Wednesday, September 23, 2009

First Snow- Winter's Shot Across the Bow.



Here we are a mere day past the autumal equinox and winter has fired her first shot across the bow. We awoke to 4" of heavy fall snow and it continued most of the day. I'm not kidding myself because this will be short lived; but it is fair warning that this place is about winter in a serious way.
We set the pup out in it for his first foray into snow and the result was quite hilarious. Later in the morning Evan and a friend went out and built a snowman- a rare treat in the Interior. For most of the winter the snow is far too dry and powdery to form any sort of snowman or even a decent snowball. It was a stern reminder to finish up my pre-winter chores.

4 comments:

R. Gabe Davis said...

I don't know about eveyone else but I would like to hear about preparing for winter in that northern wilderness all of us Tennesseans dream of and swear we will visit one day. How do you heat? How much food to you store for times it is to nasty to get out? call me crazy I am just curious.

hodgeman said...

We primarily heat with diesel- I like to have 500 gallons on hand at the start of winter and that might see me through until New Years. I generally burn 1000 gallons a year overall. Wood stoves are quaint and I really want one but they don't work so well with modern efficient houses so I'm waiting. Planning on getting a wood boiler when they figure out they're not gold plated.

We typically keep 3 months of food on the shelf- maybe more, some things like meat or flour, rice we buy in larger quantities due to economics.

We have a small store in our town that we can get essentials and we go to Fairbanks ever month or so for a change of scenery and picking up stuff we can't find here.
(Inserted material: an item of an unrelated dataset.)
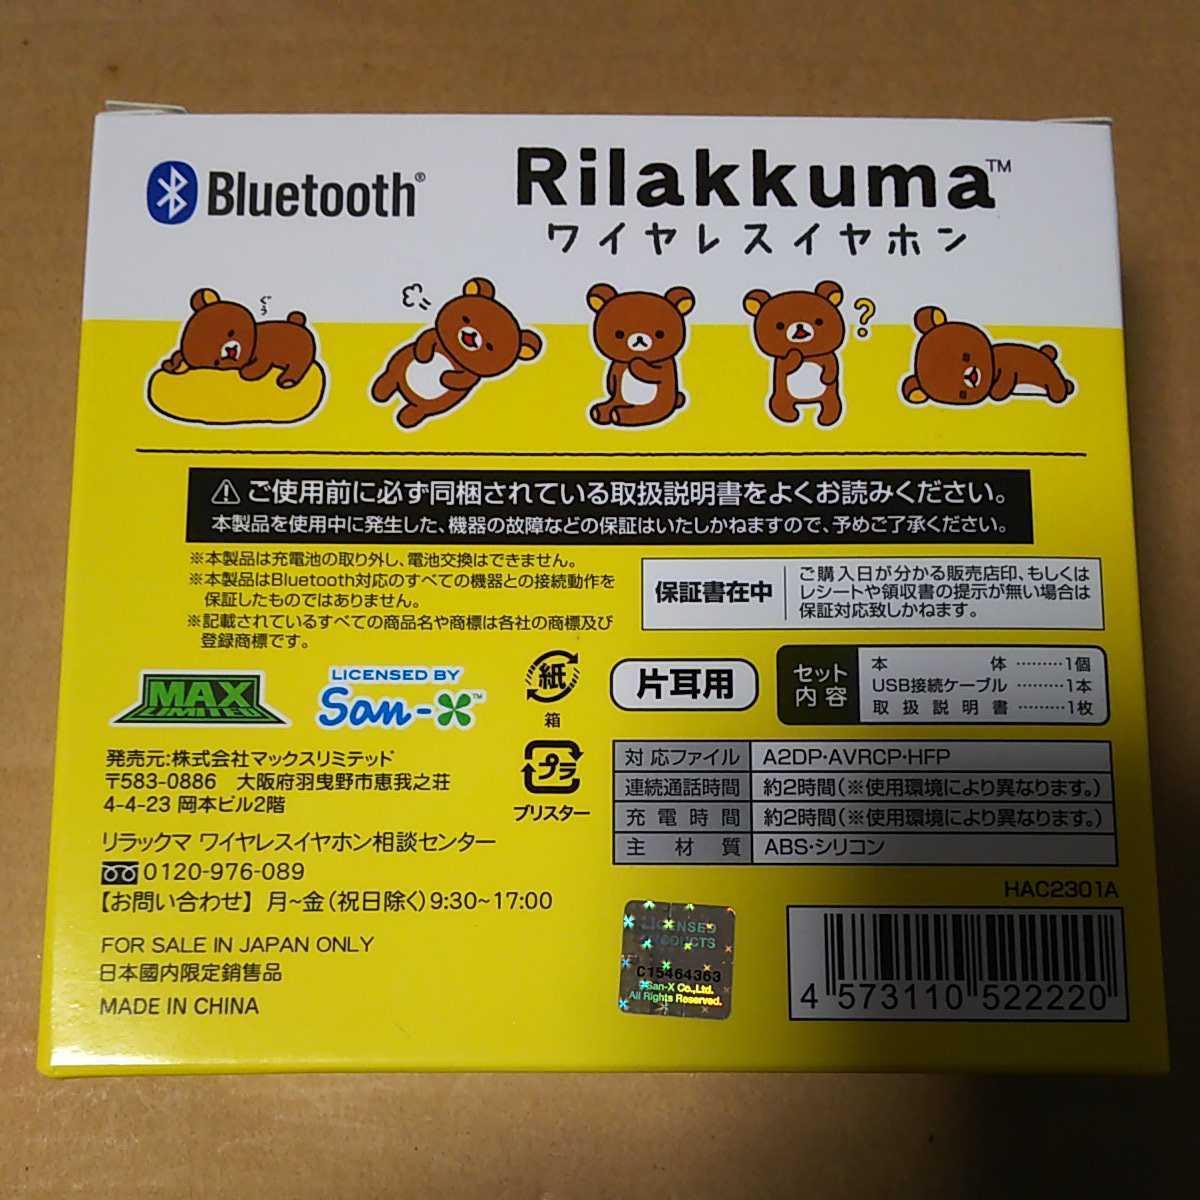 ◆リラックマ Bluetooth ワイヤレスイヤホン HAC2301A タイプ2

Surprisingly- the colder parts of winter are easier for travel. Roads are drier and the snow is more powdery. Spring and Fall can be icy and harder to get around during. For backcountry- winter is the time to go. Everything is frozen- take a snowmachine and just go!

JJP said...

Great job with your outdoors/ hunting blog- it's great to read, very well written and well considered. I'm glad to have stumbled across it, and have subscribed to it via RSS. Just wanted to say thanks for taking the time with it, I know it can be a pain.

hodgeman said...

Thanks JJP, nice to receive some positive feedback.